If people find me, you can see the banner on my LinkedIn page and Twitter pages of the Rolling Stones. David, my husband, is right next to me. Now he has short hair and he wears chinos, and he’s in sales, sadly. But when we met The Stones, that picture is so funny because you can tell the radio guy because he’s got his arms around the musicians and you never do that. You never put your arm around a celebrity. It’s super uncool. But radio guys are kind of uncool for the most part.

Then there’s this one guy in the middle who’s got a weird face on. He’s a surgeon and he went out till four in the morning with us and then flew home in his little jet plane to do surgery at six in the morning. I don’t know who the victim was there. The best thing you can see Mick is out front and he’s wearing a silk red shirt.

When he walked through to say hello to us, he held his hand out like loyalty and made it clear that he wasn’t interested in us. Then Charlie Watts, rest his soul, you can see him standing there stiff as a board, which is his personality. That’s how he was.

And then Ron wood is in a striped shirt, and he saunters in all happy and he finds the 116-year-old with a large chest and he’s right on her. Then Keith Richards comes in and this is  right around Pirates of the Caribbean. Everybody, except for Charlie, doesn’t have gray hair. Keith has all those coins tied in his hair and he comes into the room and he grabs my husband, David, the only guitar player in the room, who’s also 5’4”. And he says, “Come here, shorty,” and the picture is snapped right then.
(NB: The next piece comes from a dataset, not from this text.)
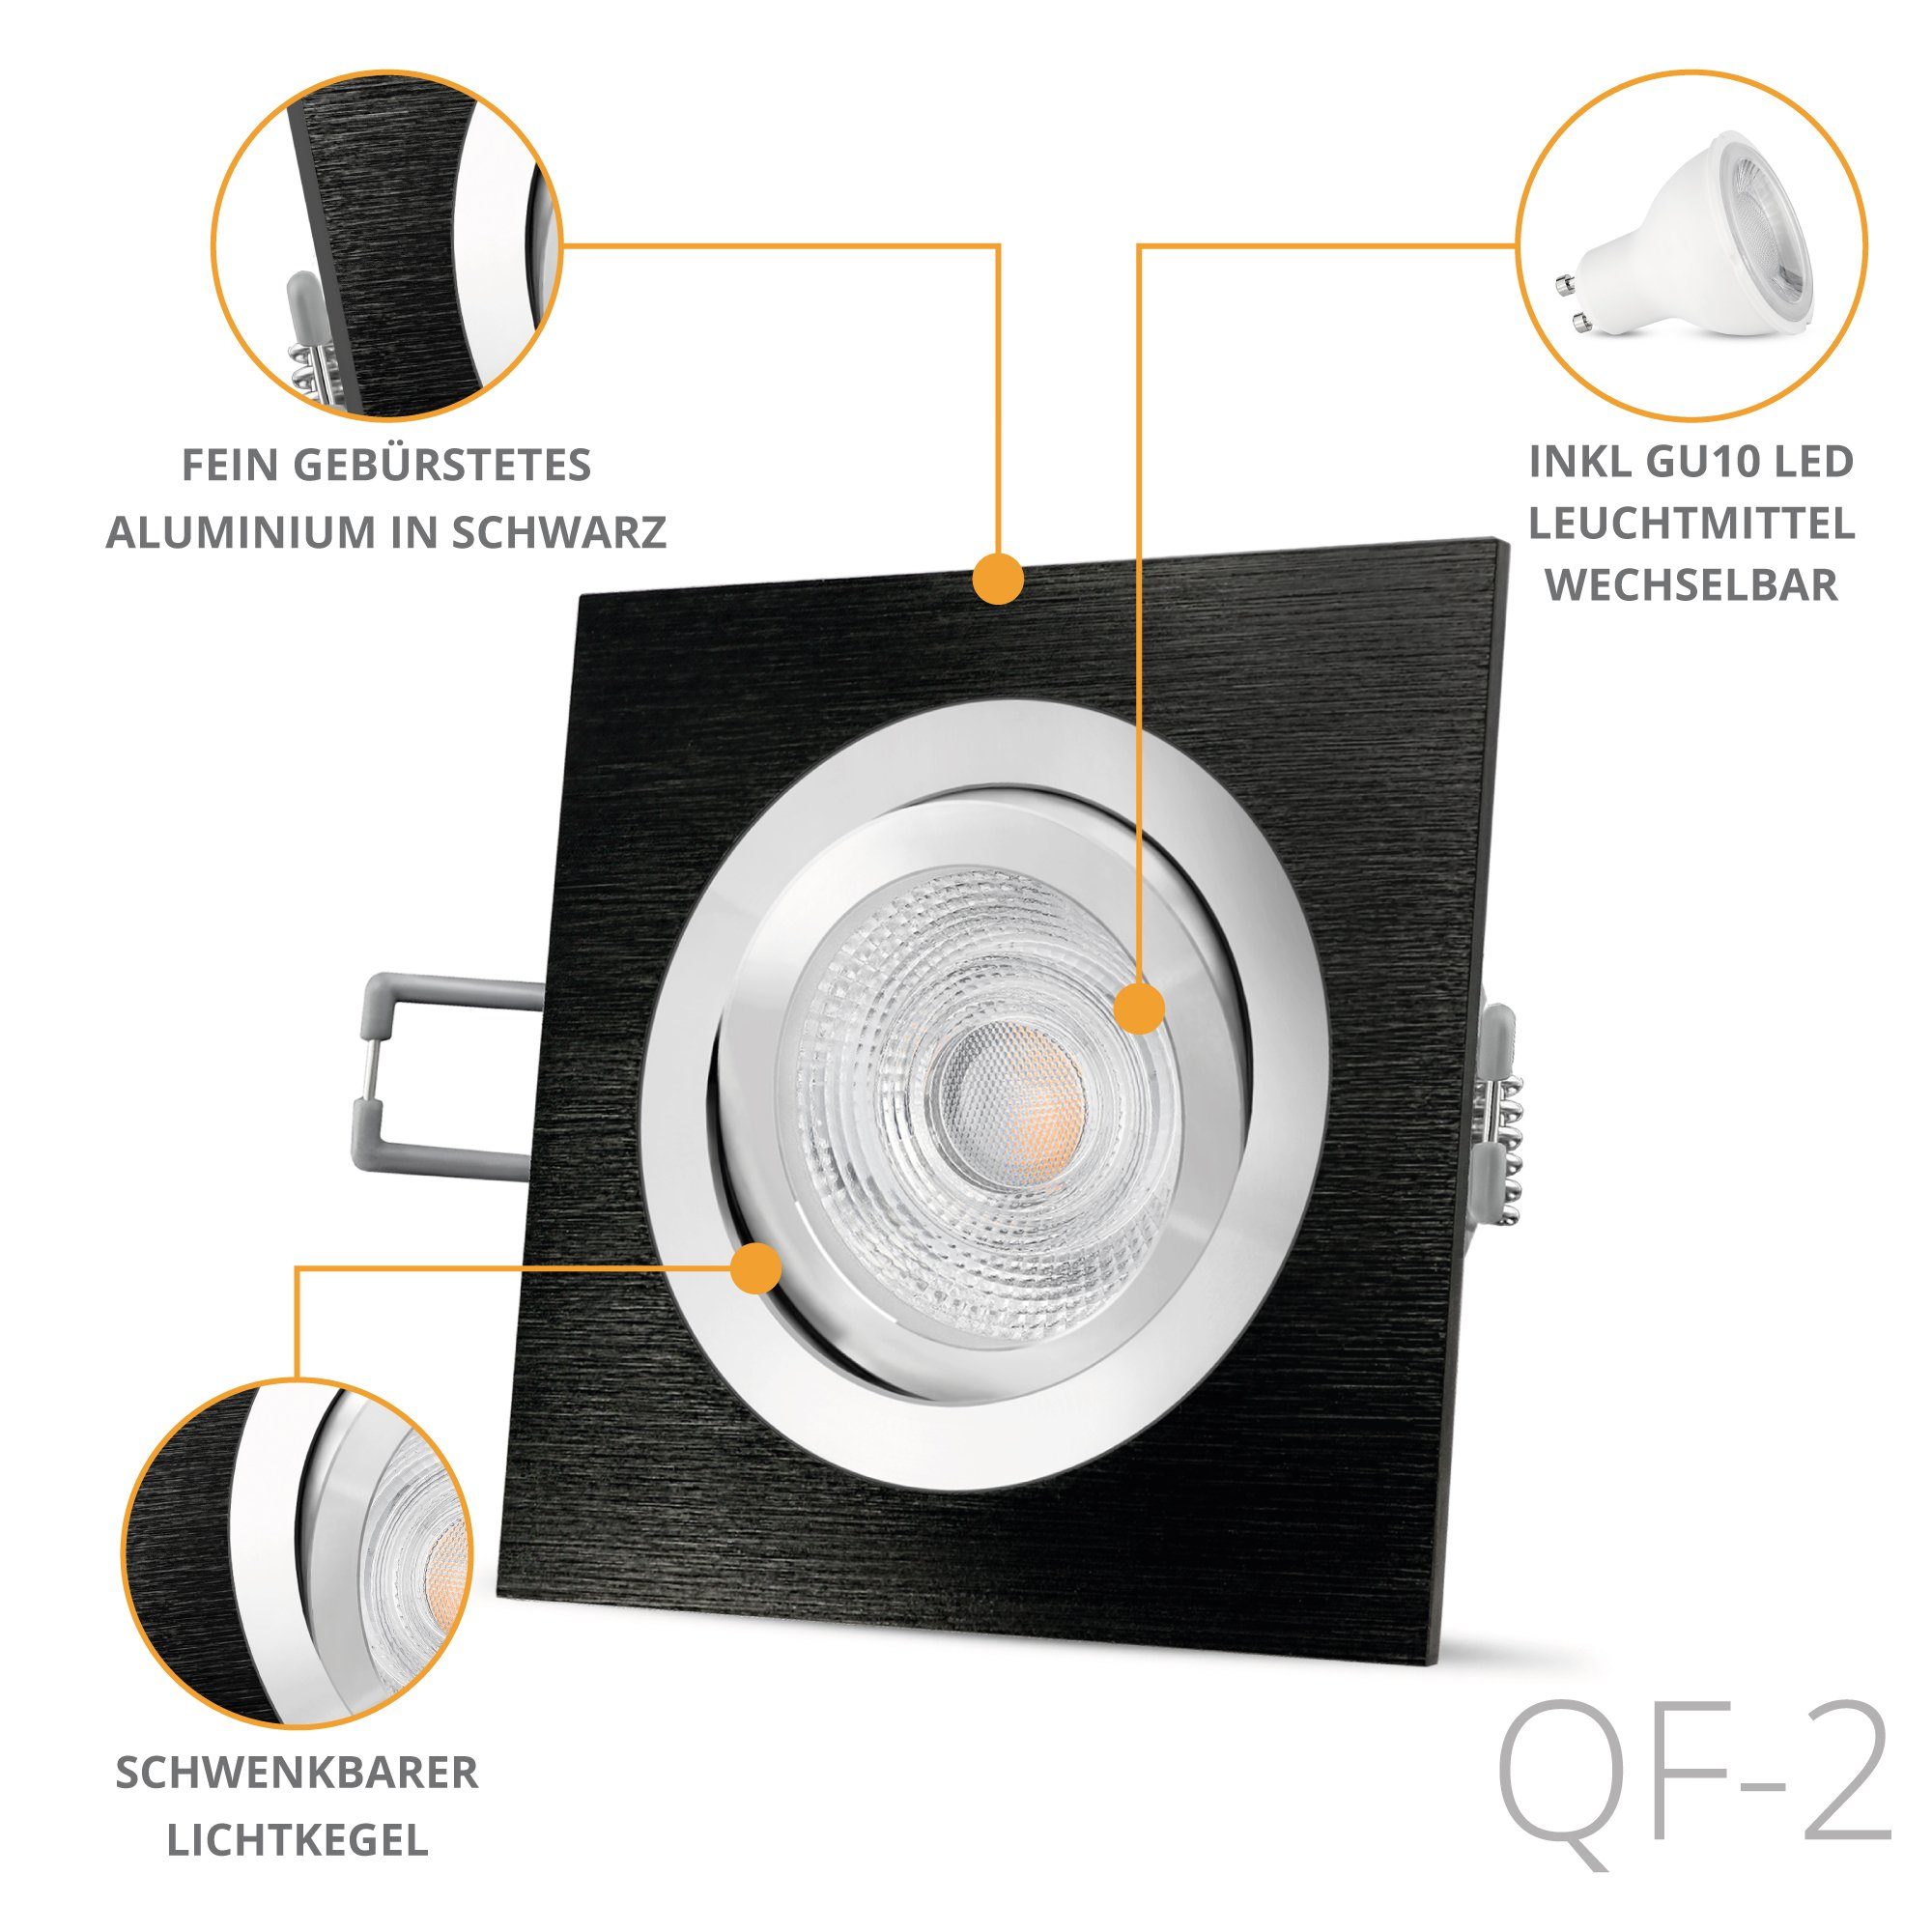 SSC-LUXon LED Warmweiß Einbauleuchte eckig mit schwenkbar Einbaustrahler LED QF-2 gebuerstet GU10, schwarz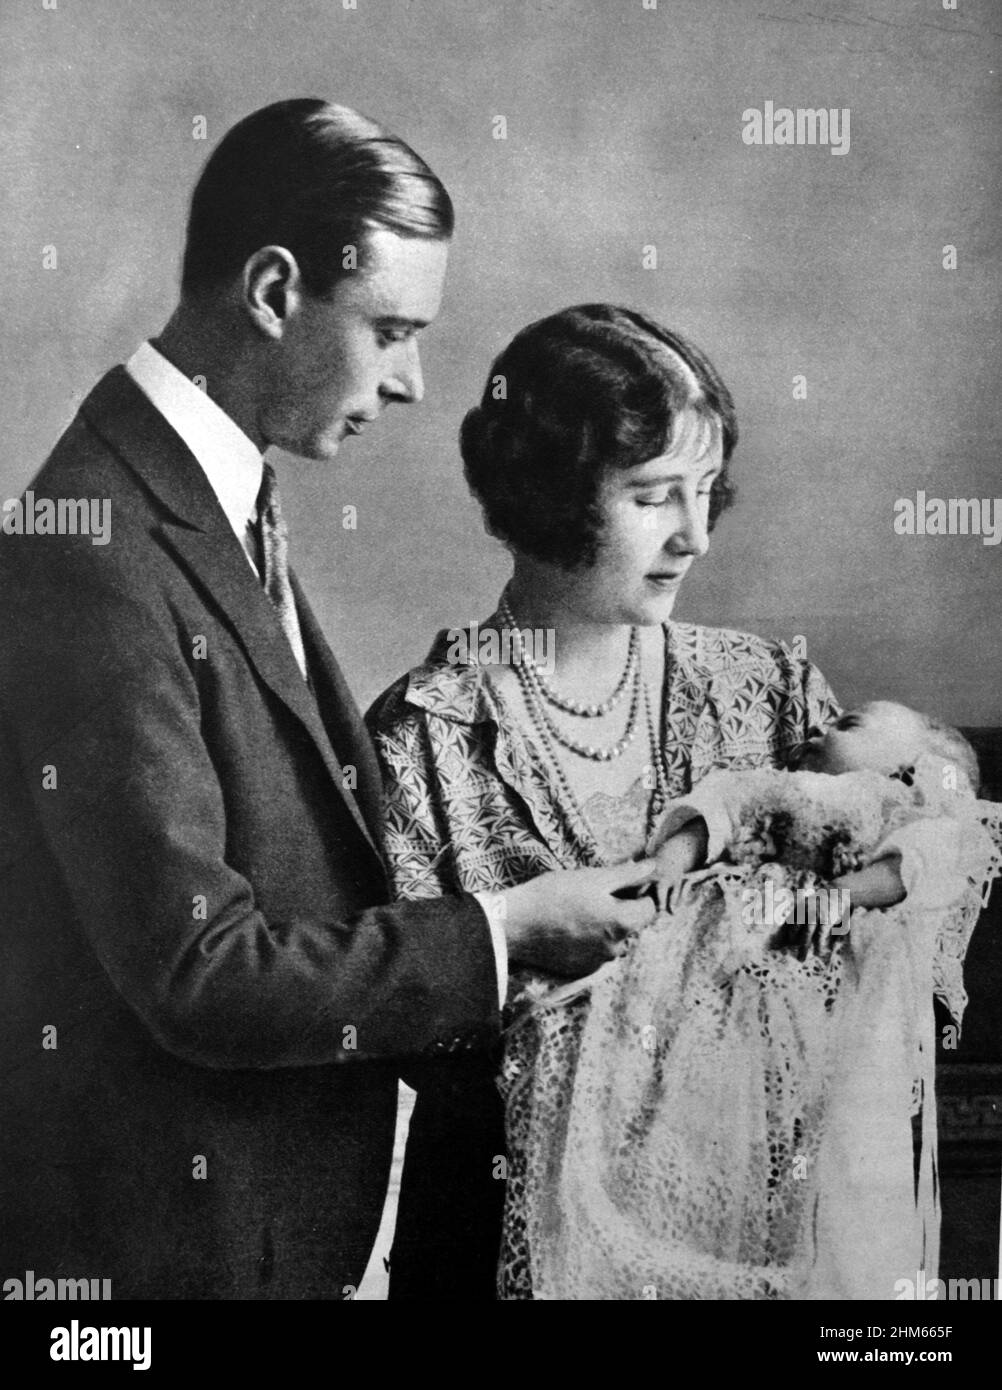 Familienportrait des Herzogs und der Herzogin von York (später König George VI. Und Königin Elizabeth) mit der neugeborenen Prinzessin (später Königin Elizabeth II.). 1926 Stockfoto

Russell Benaroya: Love it. We’ll be throwing that picture in the show notes. That’s classic. We don’t get that good background very often. What is the biggest risk you’ve ever taken? Don’t overthink it. What comes to mind for you?

Kate Bradley Chernis: I climbed an 80-foot rock wall with no ropes outside in San Francisco. I was with a boyfriend and I wanted to impress him. I can’t believe I didn’t die and I thank God. There’s a lot of dumbass things I’ve done, but that’s pretty top of the list. I have a picture of it too and I look so hot. My arms are really pumped in.

Russell Benaroya: Holy smokes. That is freaky. Have you seen Alex Honnold’s Free Solo documentary?

Kate Bradley Chernis: I haven’t because I know the story.

Russell Benaroya: That might make you pee your pants 

Kate Bradley Chernis: Yeah, it makes me pee my pants. I was a gym rat so I would go climbing in the gym. I’m happy to fall on a rope all day because, who cares? Then I didn’t do a lot of outdoor climbing. I don’t know what possessed me in that moment to do it. And I was wearing jeans and I think sneakers even, not even my climbing shoes. I had a jogging bra on and nothing else. Those were the days where I could bear the midriff. What a dumbass! Don’t do this at home.

Russell Benaroya: Glad we’re kicking off the podcast establishing that because I think that might set the tone. What is something that scares you?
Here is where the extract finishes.